Но танк завяз, значит, не зря его здесь бросили.

— Посмотри, что там мешает! — крикнул Ко, опять появившись из верхнего люка.

— Это человек! — ахнула Сонька, когда залезла в яму.

— Живой?

— Неизвестно.

— Пульс у него есть?

— Если измерять невооруженный взглядом — нет.

— Потрогай его.

— Я боюсь.

— Если он покойник — чего его бояться?

— А если нет?

— Тогда потяни его за ногу.

— Щас-с.

— Что, не идет?

— Да идет, но, кажется, он не совсем холодный.

— Может быть, нагрелся от дыма?

— Нет, он пошевелил пальцем. Ко вылез из танка, чтобы вместе вынуть его на поверхность. Далее, кто это?

— Мы могли бы приобщить его к нашему общему делу, — сказал Колчак. — Но для этого надо узнать, как его зовут.

— Можно я попробую угадать? — спросила мягко Сонька, что означало: у нее уже есть мысли на этот счет.

— Пожалуйста, что ты у меня спрашиваешь. Тем более, мы еще не выбрали командира. И она сказала:

— Это Ленька Пантелеев.

— Кто?

— Ну, ты, что, не помнишь на Чемпионате мира мутил воду один тощий верзила с челкой, как у Хи.

— Художник, что ли?

— Ну, типа, хочет, чтобы все так считали. Как говорится, сейчас все лезут в Пикассы.

— Ссы? ты уверена?

— Ты, точнее, Вы еще пока, ибо не пили на брудершафт, и не трахались, как следует.

— Ну, кое-как-то мы, что ли, уже трахались, я что-то не помню?

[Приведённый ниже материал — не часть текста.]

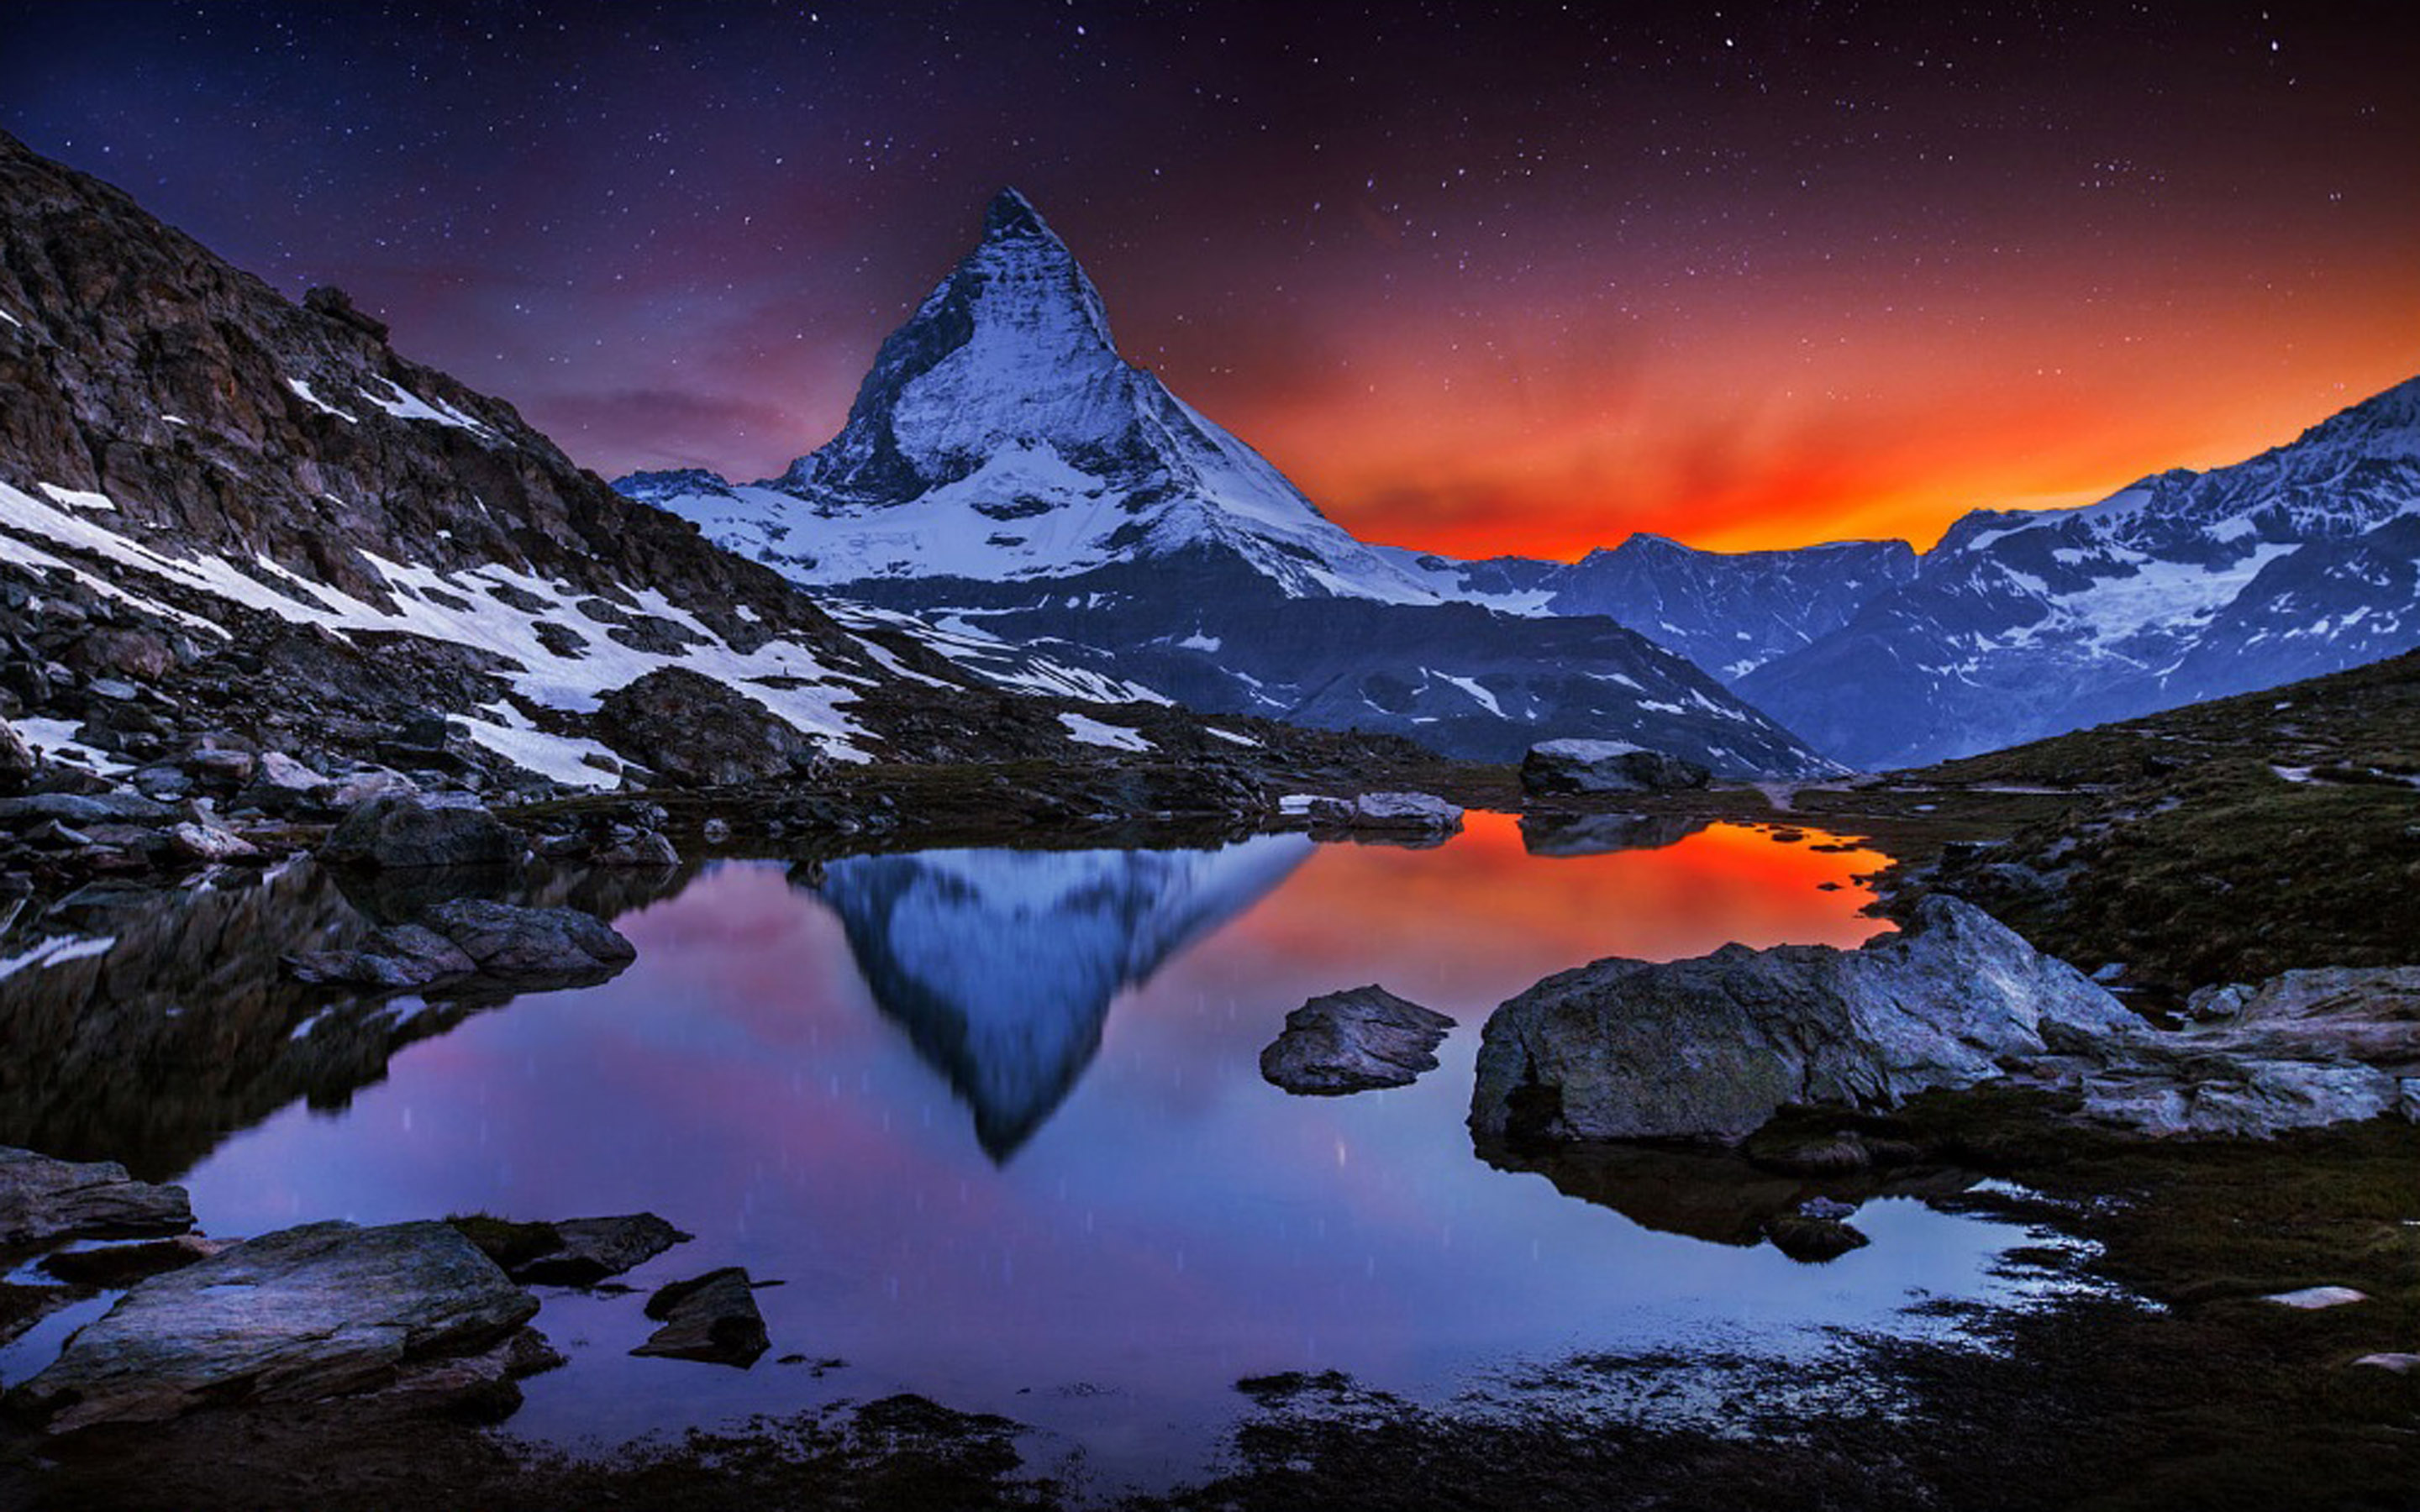 The Matterhorn German Excuse Matərˌhɔrn Is A Mountain In The Alps

— Так а с танком? Мы были вместе, не правда ли? Тем более, этот зассанец прицепился третьим, а то и четвертым, если всерьез считать танк, способным к этому делу добровольно. Вы виделись хоть когда-нибудь с Энди Уорхолом? По крайней мере, слышали, что он какает в трехлитровую банку из-под сгущенки — я сама меньшие объемы не покупаю, потому что сгущенное молоко очень вкусное и я не могу остановится, пока не накормлю всех, вплоть до своей собаки и кошки. И знаете почему? Пока человек, или другое существо, даже таракан, не наелся как следует — не могу чувствовать себя сытой и я. У вас так бывает?

— Надо сначала договориться, что считать сытостью.

— Сытость — это когда уже хочется какать, но пока что до этого дела дело не дошло, и только пукается.

— Я не делаю так никогда.

— Я о вас пока еще ничего и не говорю, а имею в виду только художников неосюрреалистов.

— И значит, как я понял, этот Хи ссыт на холст и выдает это художество за чистую правду?

— Да, но в принципе не всегда, иногда он пользуется кистью.

— А краску разводит своей мочой.

— Краску он не использует, ибо зачем? Если можно, как тигр: по запаху определить, где она есть, а где пустое безоблачное пространство. Более того, делает, как Энди:

— Выставляет напоказ только мочу, вообще без холста.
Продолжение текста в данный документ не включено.